Despite the immense lack of information that could enrich a campaign (such as rules for rituals, magical objects/artifacts, the nature and limits of magic, maps and stats of schools and other locations, runes, practical applications of various types of magic, stats of magical creatures, alternative character creation processes, etc.), they managed to include about 6-7 pages of sensitivity warnings, including boundaries, bigotry, species and ethnicities, disabled or neurodiverse individuals, race, sexuality, and player safety in the GM section. In a small 90-page booklet, this is clearly excessive (the much larger book "Teens in Space" had a couple of pages, which is enough to say "don't be assholes to anyone, respect your fellow players, and know your boundaries").

Despite their many efforts not to offend anyone, it fails in that purpose. It is still an offense not only to the genre but also to the excellent previous titles of the series.

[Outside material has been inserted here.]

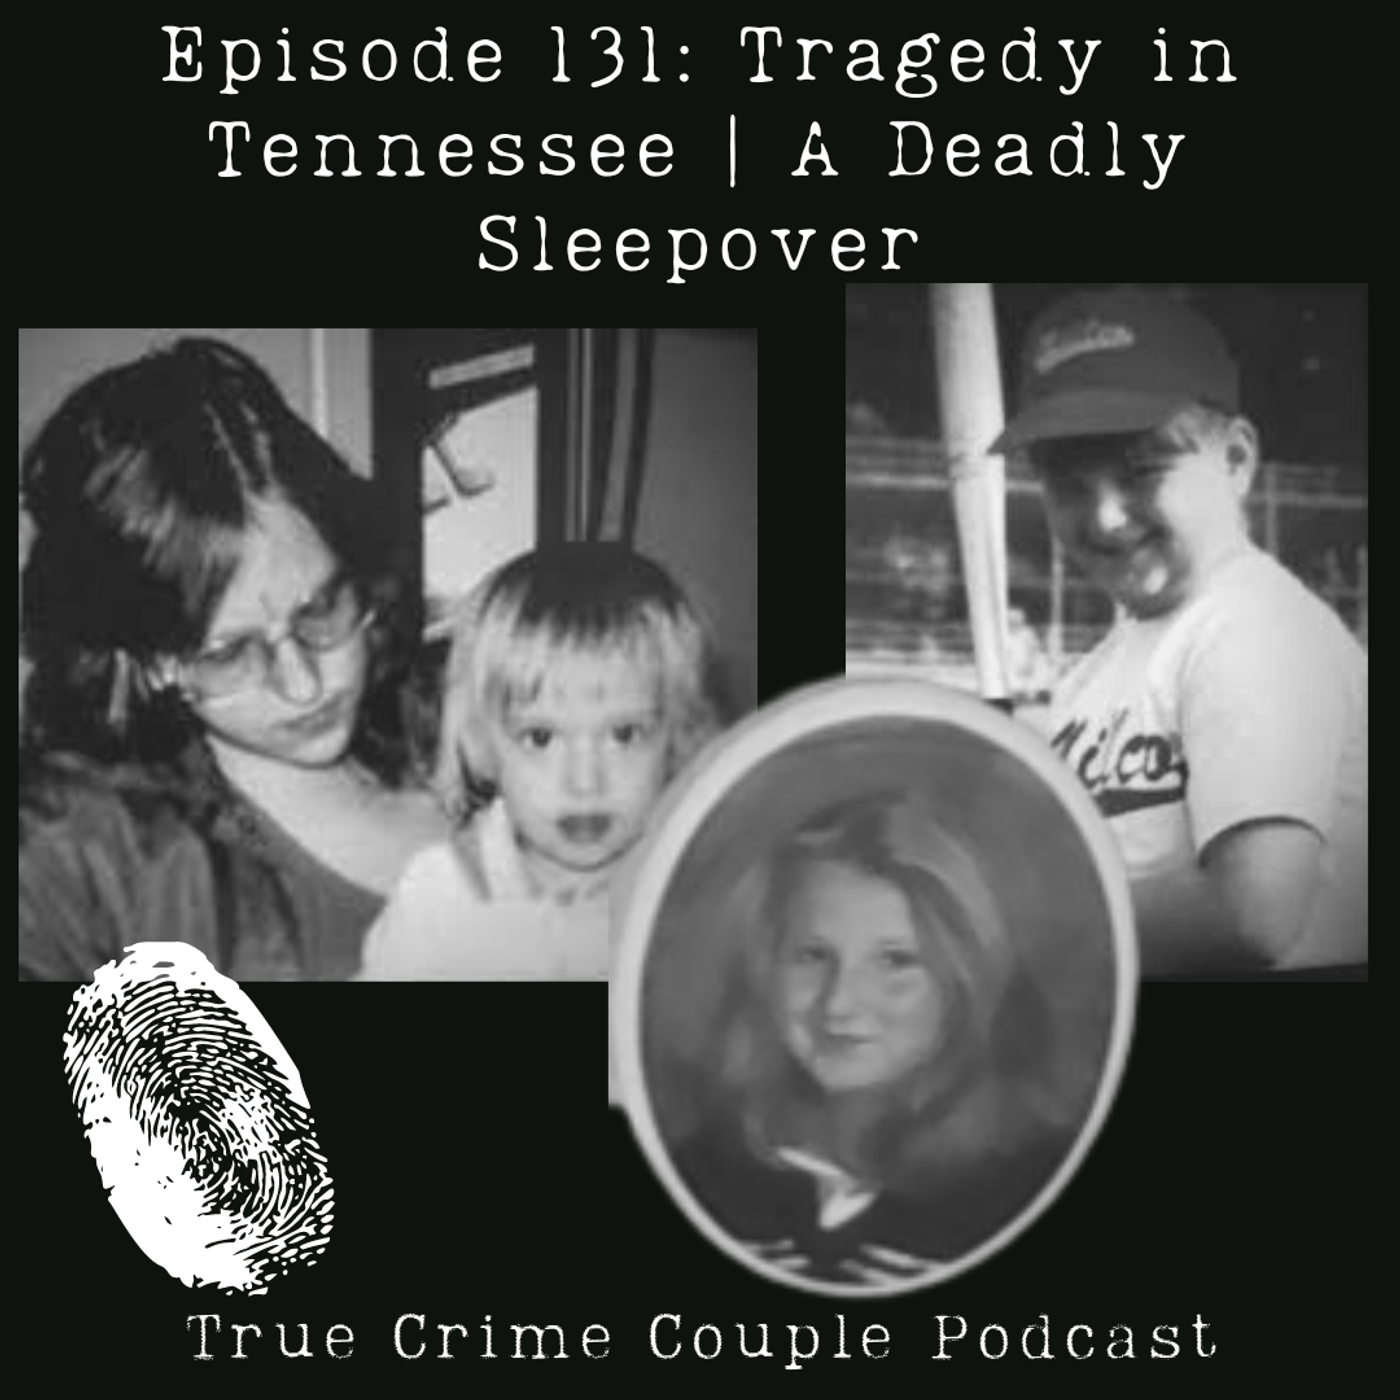 Episode 131: Tragedy in Tennessee | A Deadly Sleepover

It is painful for me to say this is a money grab and genre exploitation. There is a clear decline compared to the previous titles, which is unfortunate, especially considering how much I wanted this book as a fan of the company, the genre, and the system, and it was gifted to me with much love and consideration by family members.
Profile Image for David Gagne.
22 reviews
June 10, 2024
I love the prompts and storytelling exercises in this book. I created a wonderful magic school setting using its tools that I have been experimenting with for over a year now. I return to this often for RPG player characters' relationships.

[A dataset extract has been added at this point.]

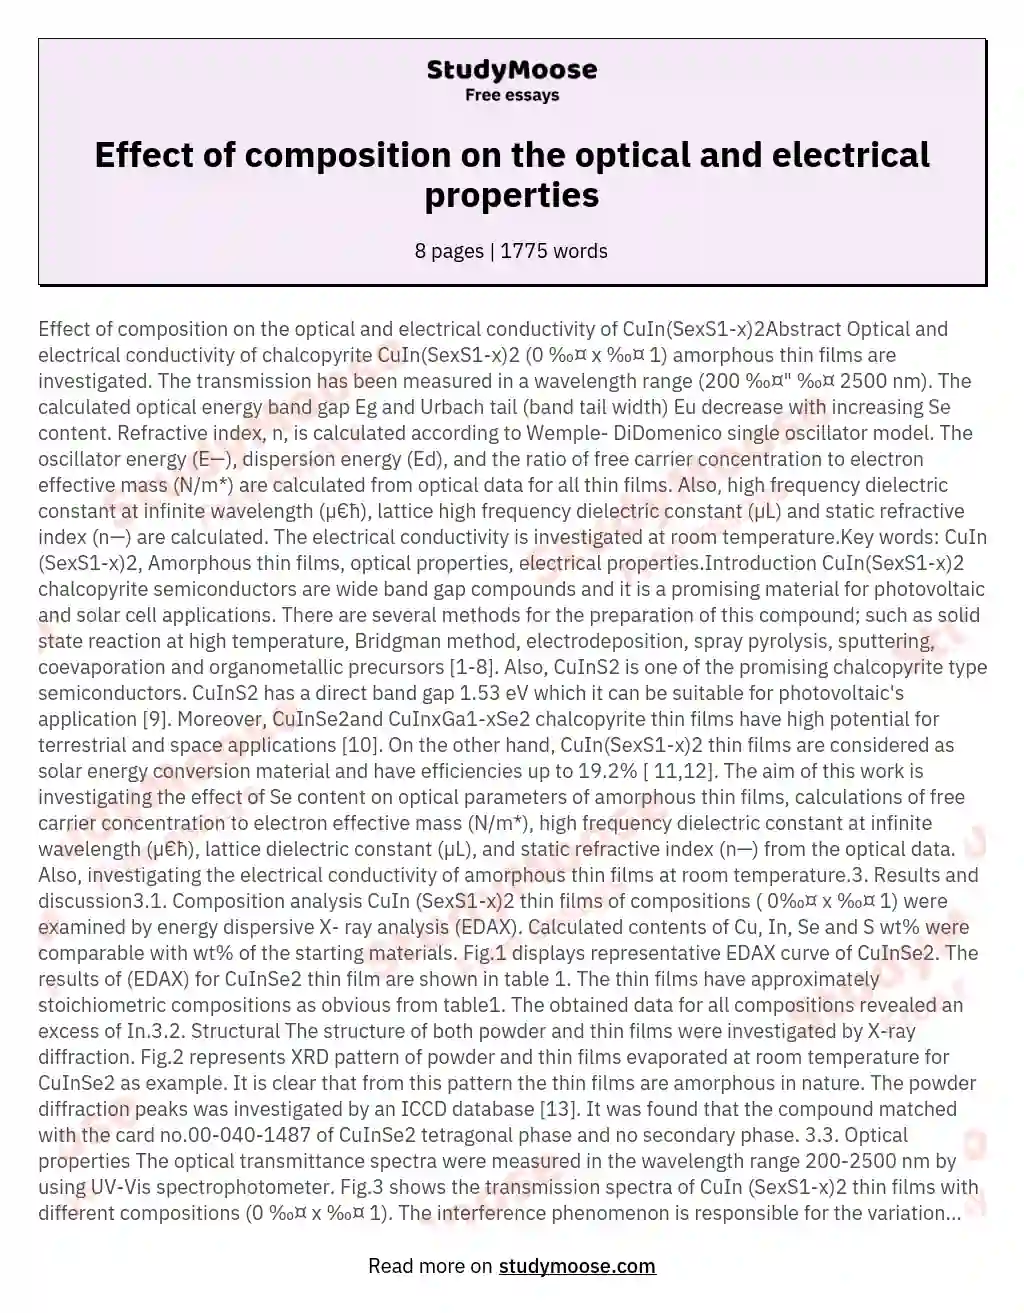 Effect of composition on the optical and electrical properties essay

However, I found the mechanics system lacking, and I find this book best suited in tandem with other game systems.
Profile Image for Elara.
163 reviews6 followers
August 19, 2021
Want to play a magic academy roleplay without JK Rowling's transph0bic shadow??

This is your game.

Yer a wizar' Y/N
Profile Image for Aaron P..
129 reviews4 followers
May 27, 2022
This is quite clearly a re-skin of the original Kids on Bikes that REALLY leans into Harry Potter as inspiration. That said , I do believe that my nephew will love it.
Profile Image for Kate.
569 reviews1 follower
May 28, 2022
Very interesting and cute concept for ttrpg.